Problem to work on: An exact copy of the lines from the start of the material below through the line containing "Women's Court Tennis" is the required answer, and it includes no pictures.

Dataset excerpt:
**********
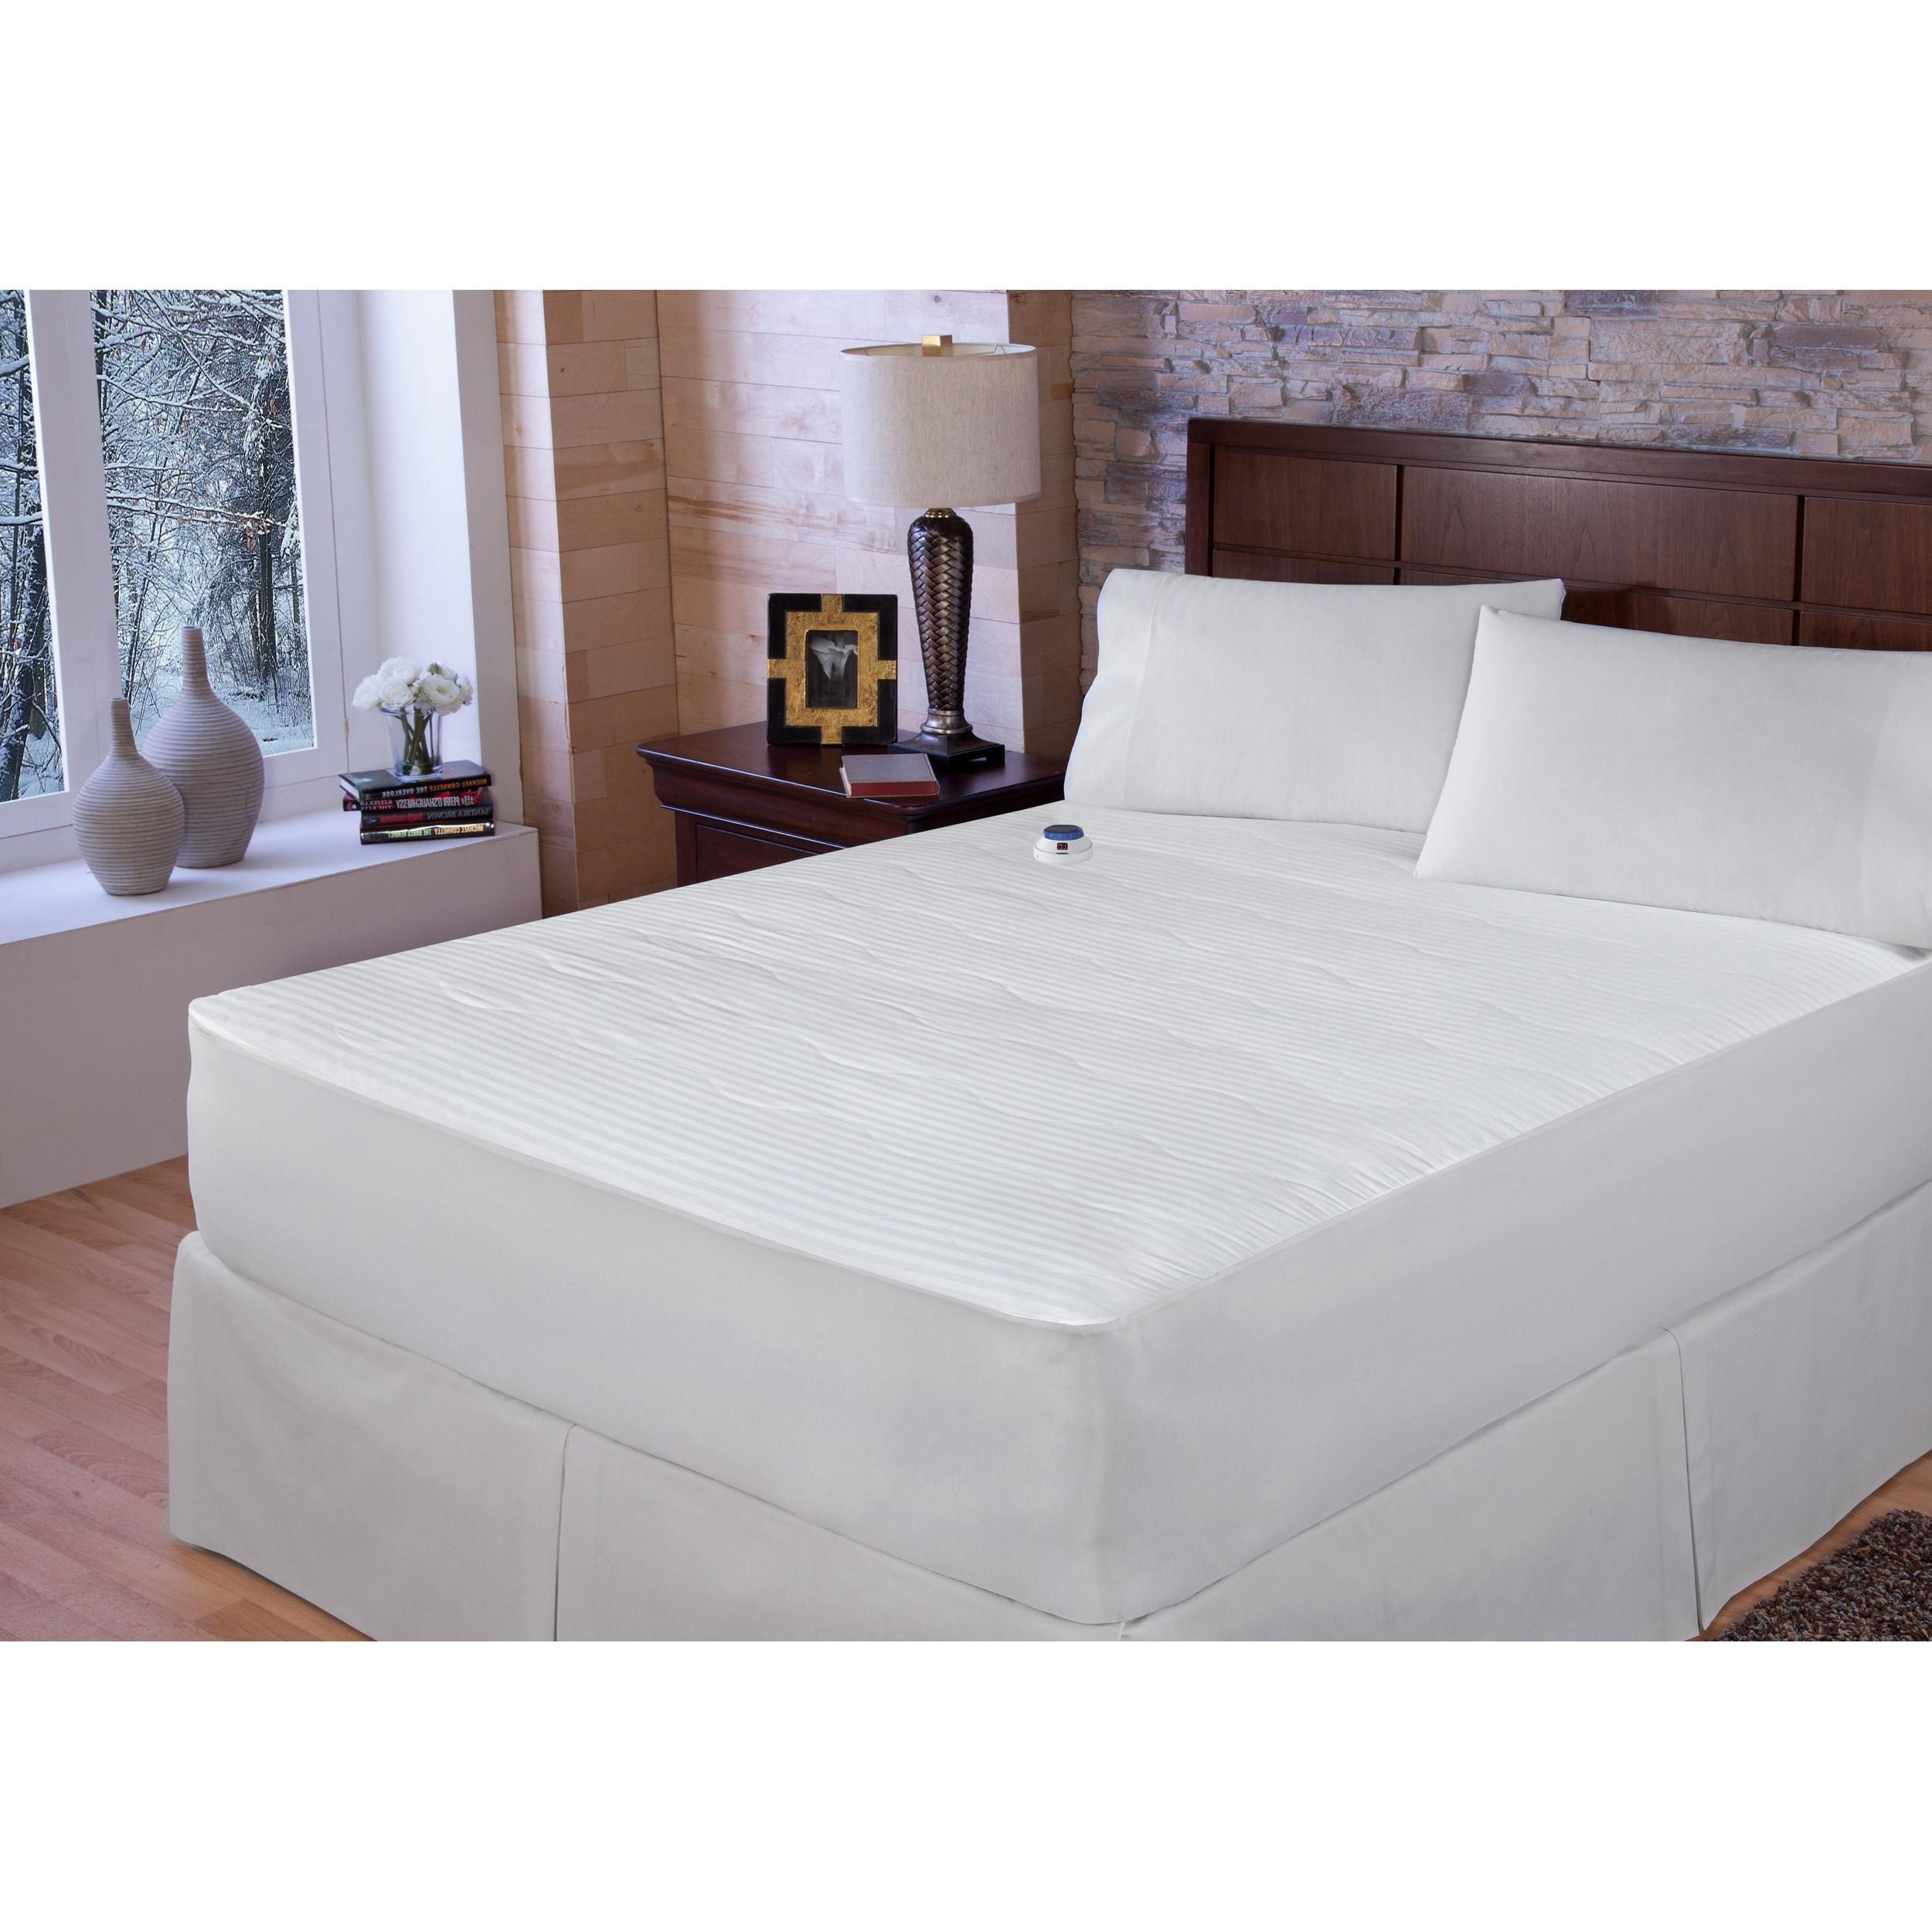 saatva com goodbed mattress restonic picture reviews mattresses
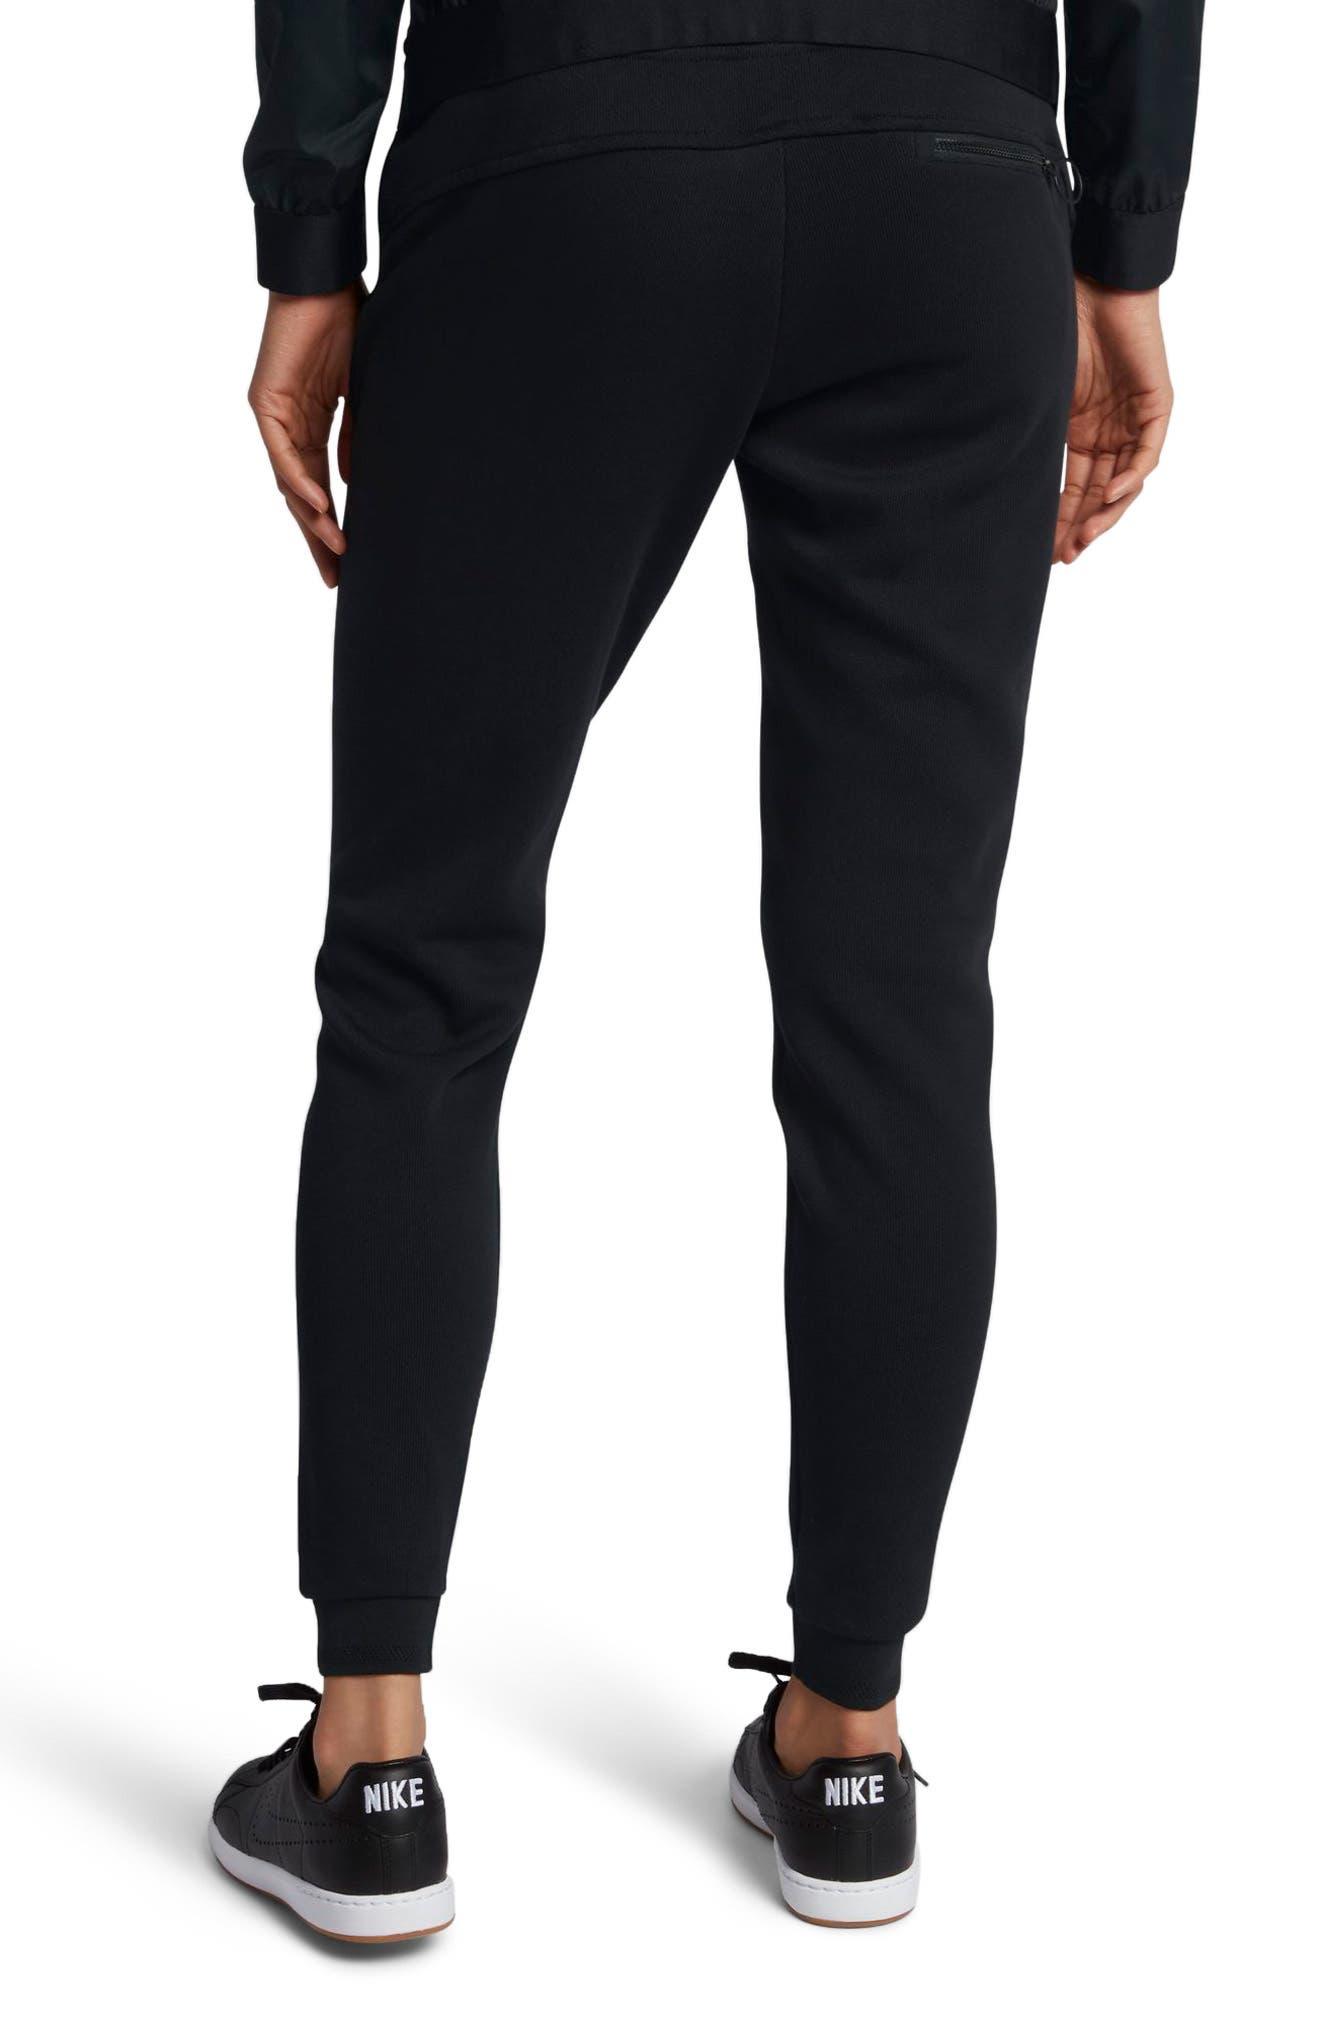 Women's Court Tennis Pants,                             Alternate thumbnail 2, color,                             Black/ Hot Punch/ White
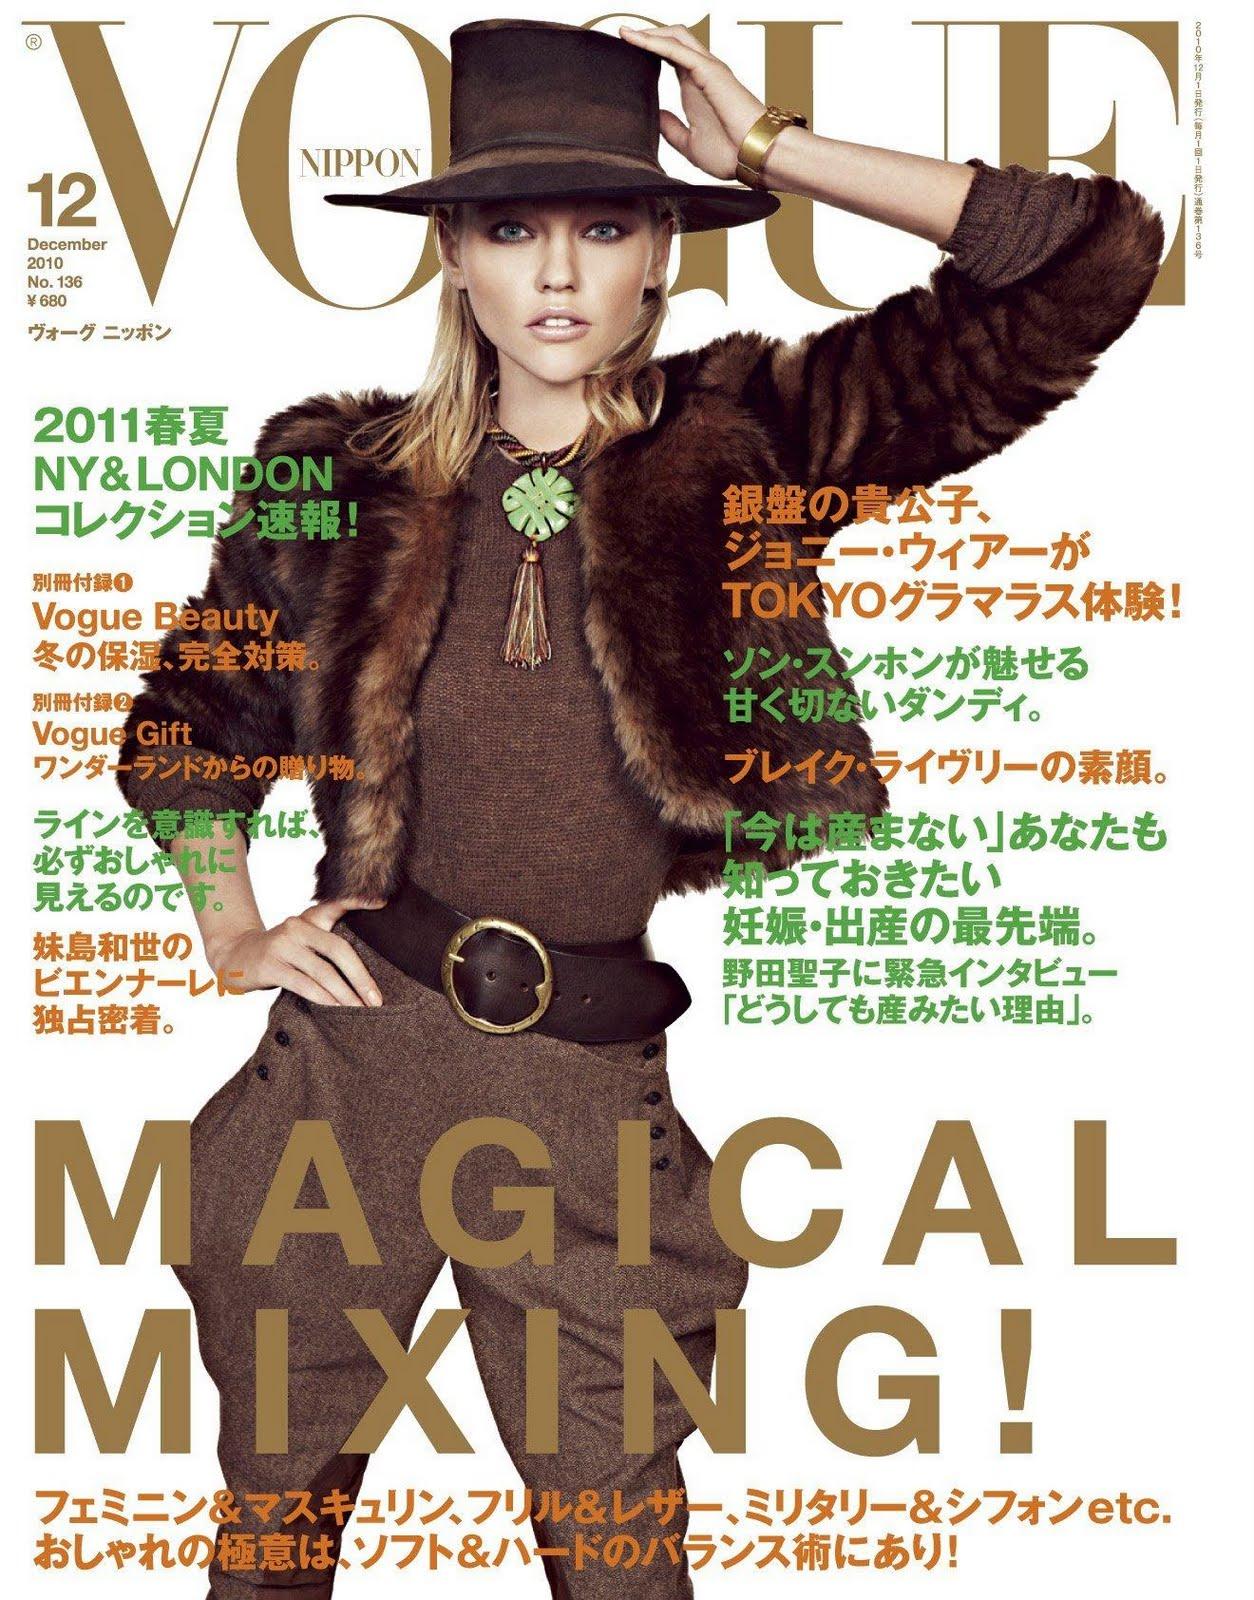 http://1.bp.blogspot.com/_mf2NYHWGS3s/TL3fWcJoHOI/AAAAAAAAL-8/VsskZBsj79o/s1600/Sasha+Pivovarova+by+Inez+%26+Vinoodh+(Vogue+Nippon+December+2010).jpg
**********
Task output:
 saatva com goodbed mattress restonic picture reviews mattresses
 Women's Court Tennis Pants,                             Alternate thumbnail 2, color,                             Black/ Hot Punch/ White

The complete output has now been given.